Auto-injector shot and prefilled syringes:
- It is given as a shot into the fatty part of the skin.
- This drug may be given at home.
- If you will be giving yourself the shot, your doctor or nurse will teach you how to give the shot.
- Follow how to use as you have been told by the doctor or read the package insert.
- Wash your hands before and after you give the shot.
- Do not use if the solution is cloudy, leaking, or has particles.
- This drug is colorless to a faint yellow. Do not use if the solution changes color.
- Before using this drug, take it out of the refrigerator and leave it at room temperature for 30 minutes.
- Move the site where you give the shot with each shot.
- Do not give into skin that is irritated, bruised, red, infected, or scarred.
- Do not rub the site where you give the shot.
- Throw syringe away after use. Do not use the same syringe more than one time.
- Throw away needles in a needle/sharp disposal box. Do not reuse needles or other items. When the box is full, follow all local rules for getting rid of it. Talk with a doctor or pharmacist if you have any questions.
- Call your doctor to find out what to do.

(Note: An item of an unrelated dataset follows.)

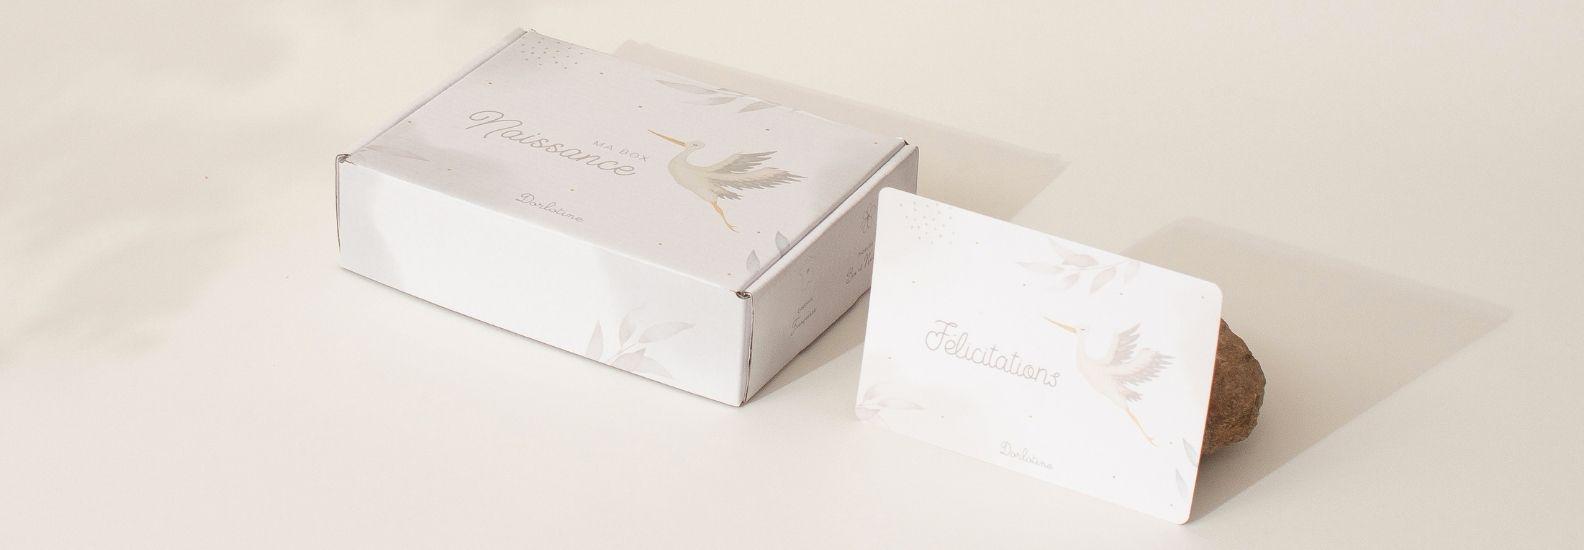 box-NAISSANCE-personnalisable-dorlotine

- If you need to store this drug at home, talk with your doctor, nurse, or pharmacist about how to store it.
Auto-injector shot and prefilled syringes:
- Store in a refrigerator. Do not freeze.
- Store in original container.
- Protect from light.
- Keep all drugs in a safe place. Keep all drugs out of the reach of children and pets.
- Check with your pharmacist about how to throw out unused drugs.
- If your symptoms or health problems do not get better or if they become worse, call your doctor.
- Do not share your drugs with others and do not take anyone else’s drugs.
- Keep a list of all your drugs (prescription, natural products, vitamins, OTC) with you. Give this list to your doctor.
- Talk with the doctor before starting any new drug, including prescription or OTC, natural products, or vitamins.
- Some drugs may have another patient information leaflet. If you have any questions about this drug, please talk with your doctor, nurse, pharmacist, or other health care provider.
- If you think there has been an overdose, call your poison control center or get medical care right away. Be ready to tell or show what was taken, how much, and when it happened.